Provided material –
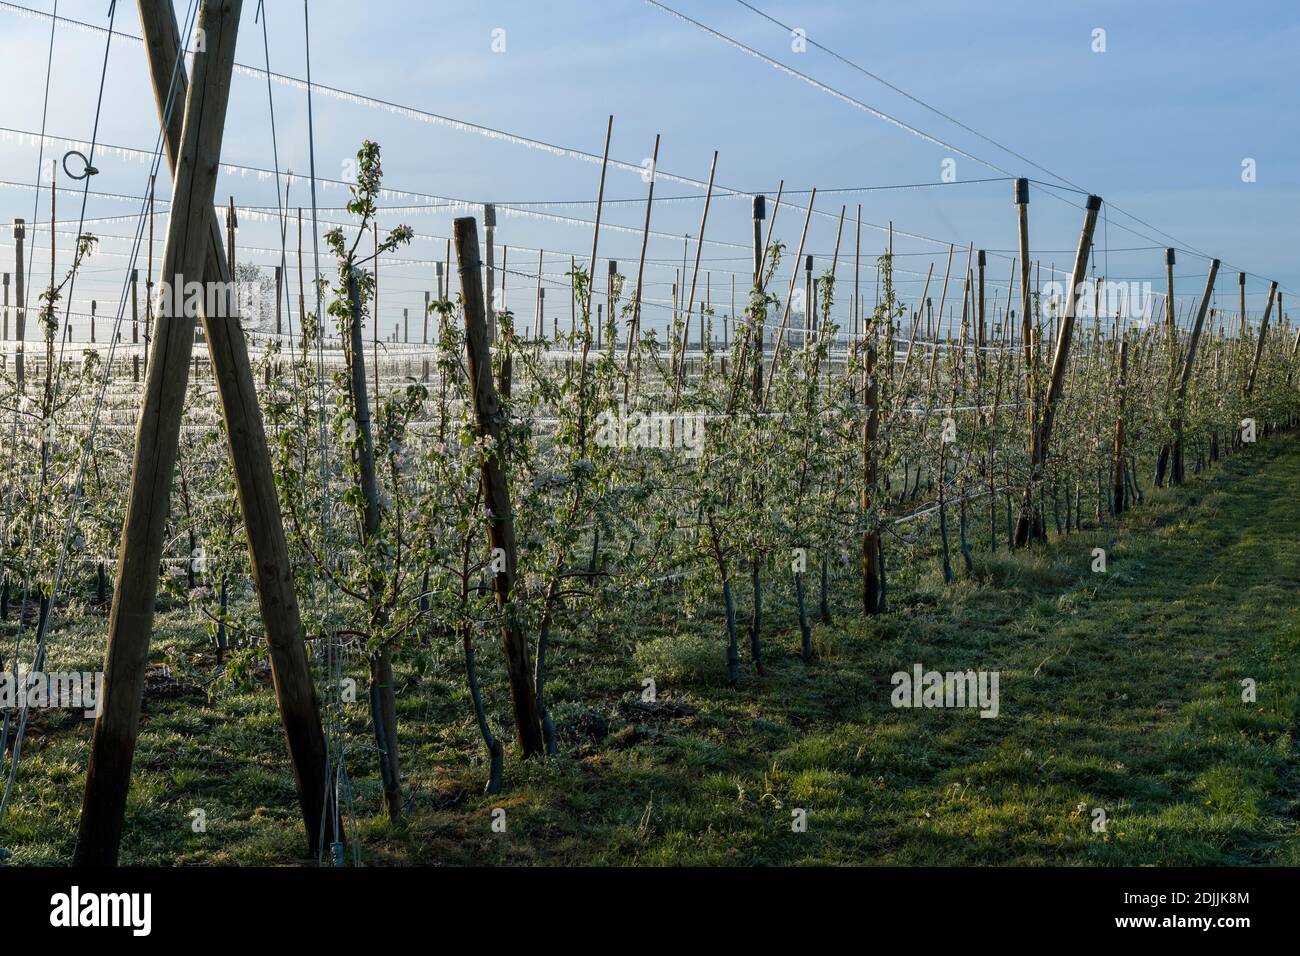 Plantation de pommes, arbres fruitiers, arrosage par le gel, ferme fruitière Puder, Laumersheim, Palatinat, Allemagne Banque D'Images
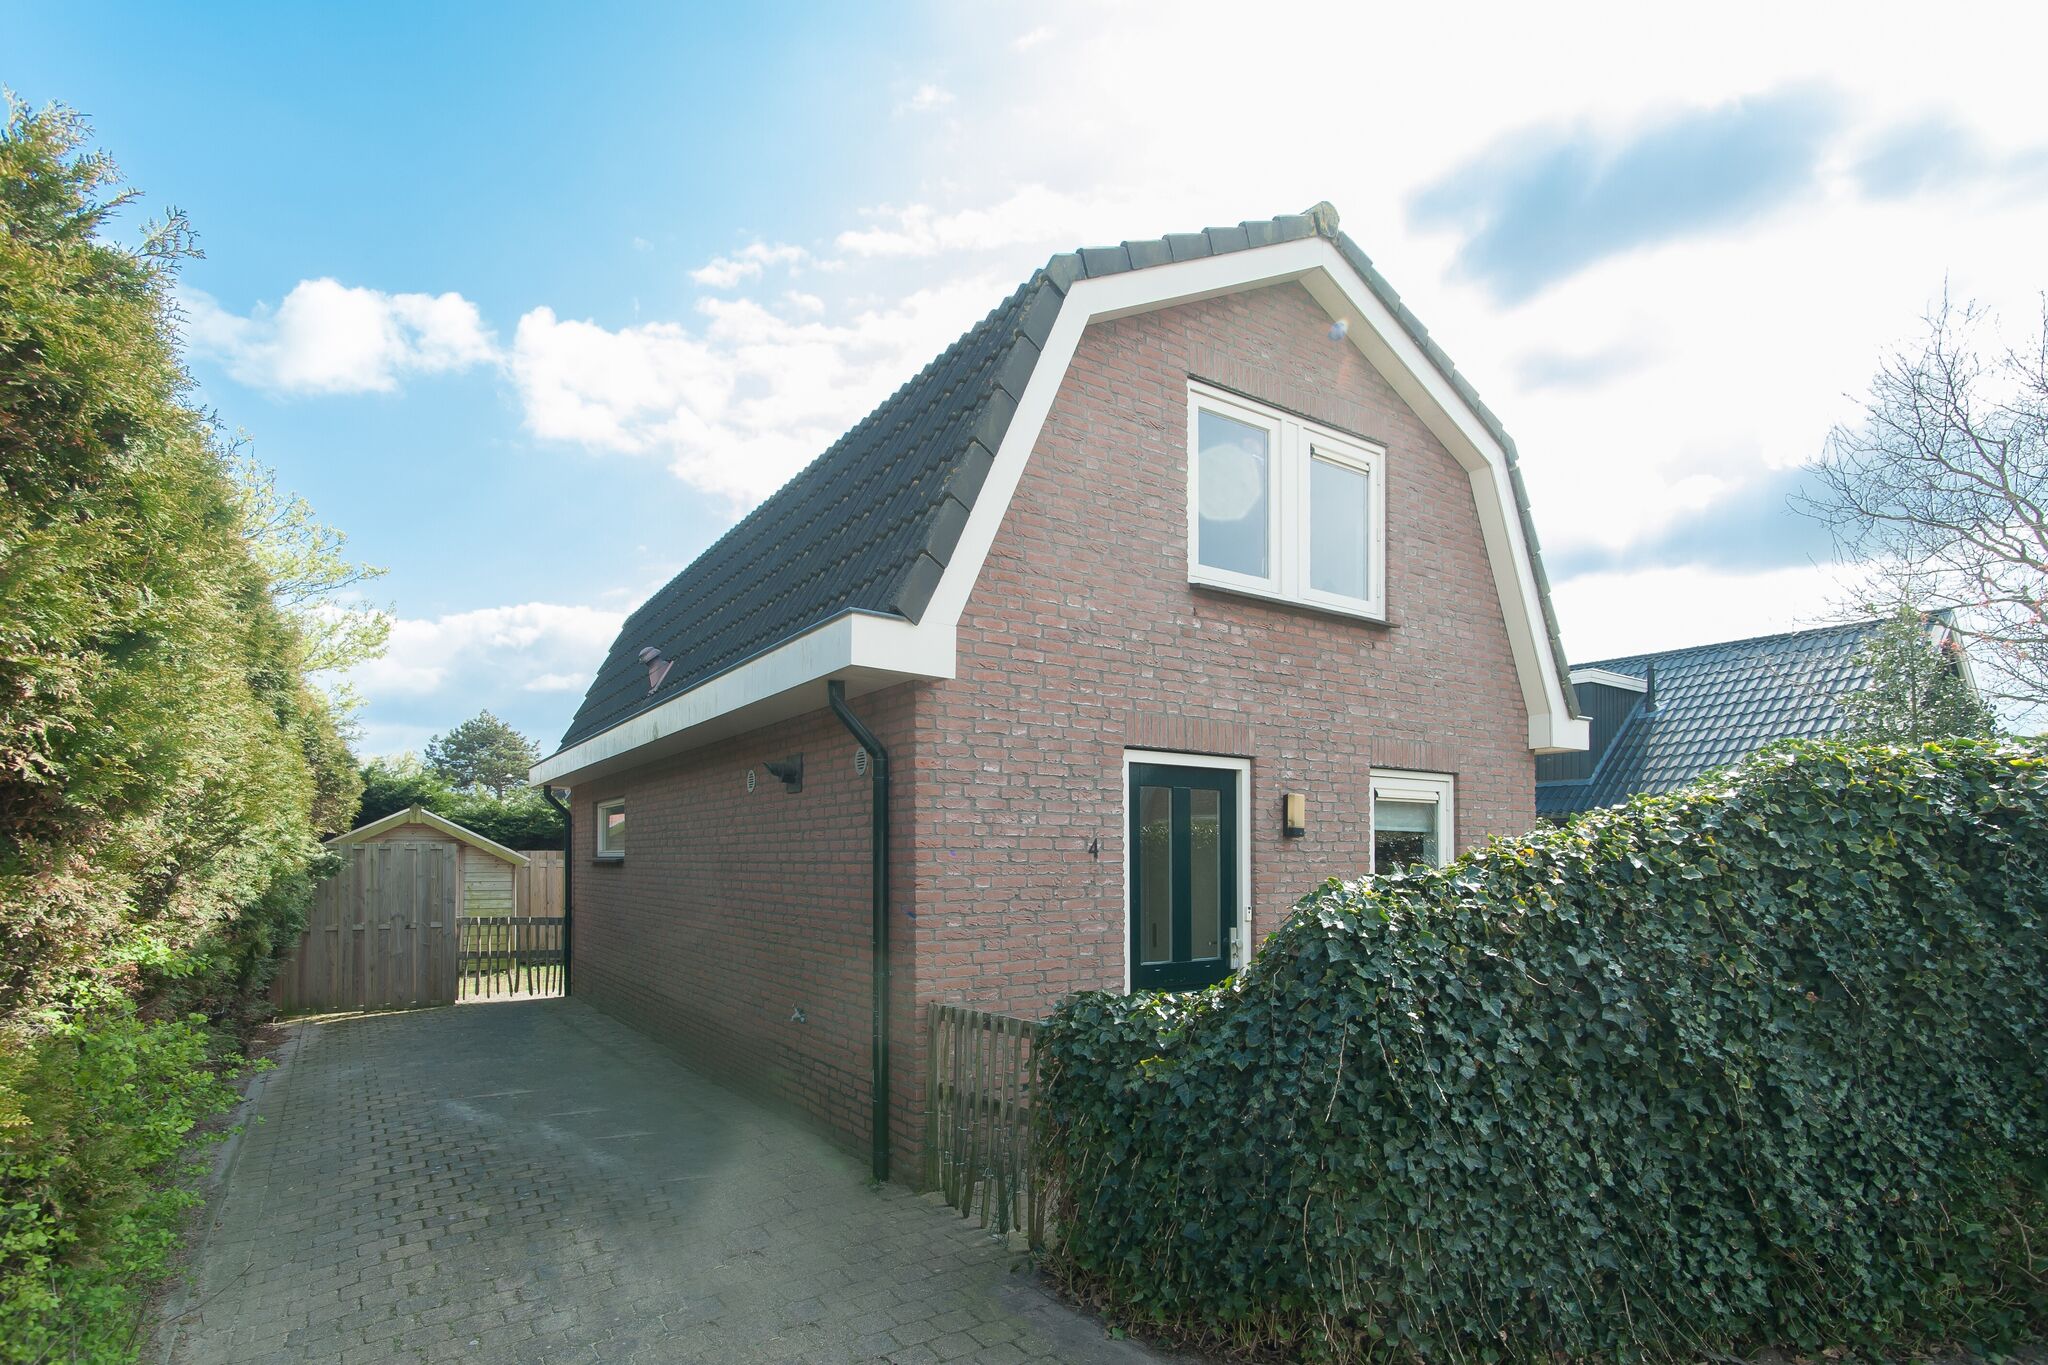 Nice house with large garden in Noordwijk
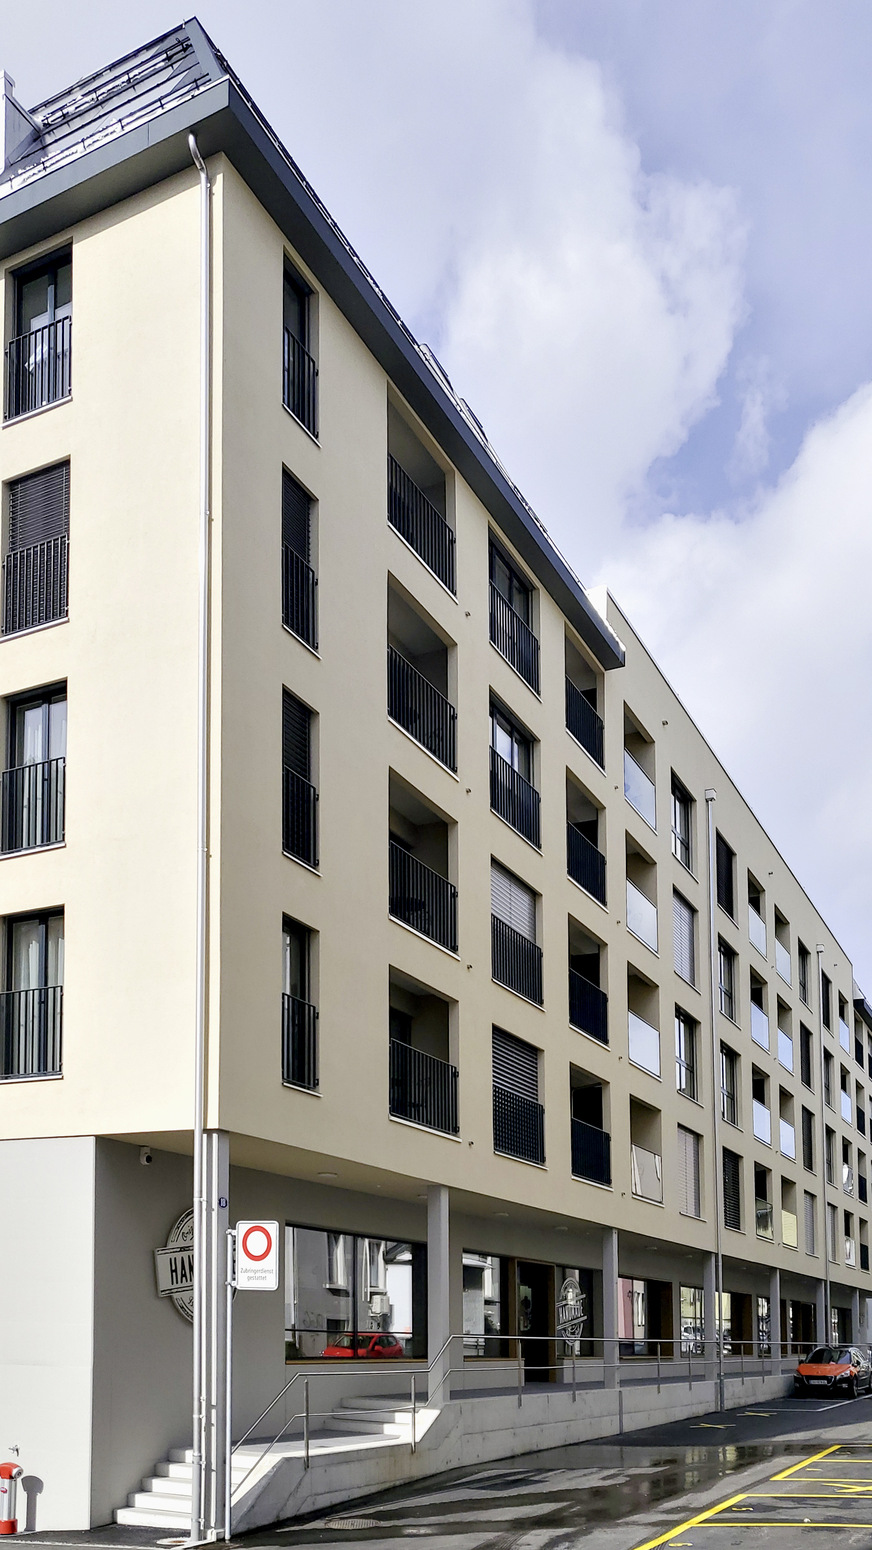 Bild 2 Mit 56 Appartements und Spa-Bereich hat das Boarding House in St. Gallen ein ähnliches Warmwasser-Verbrauchsprofil wie ein Hotel. Entsprechend ist der Wärmespeicher in der Heizzentrale ausgelegt.

Problem statement –
Repeat verbatim the lines from the one with "Nice house with large garden in Noordwijk" through the end of the listing above. Include both ends, add nothing, and exclude the pictures.

Answer to the exercise –
 Nice house with large garden in Noordwijk
 Bild 2 Mit 56 Appartements und Spa-Bereich hat das Boarding House in St. Gallen ein ähnliches Warmwasser-Verbrauchsprofil wie ein Hotel. Entsprechend ist der Wärmespeicher in der Heizzentrale ausgelegt.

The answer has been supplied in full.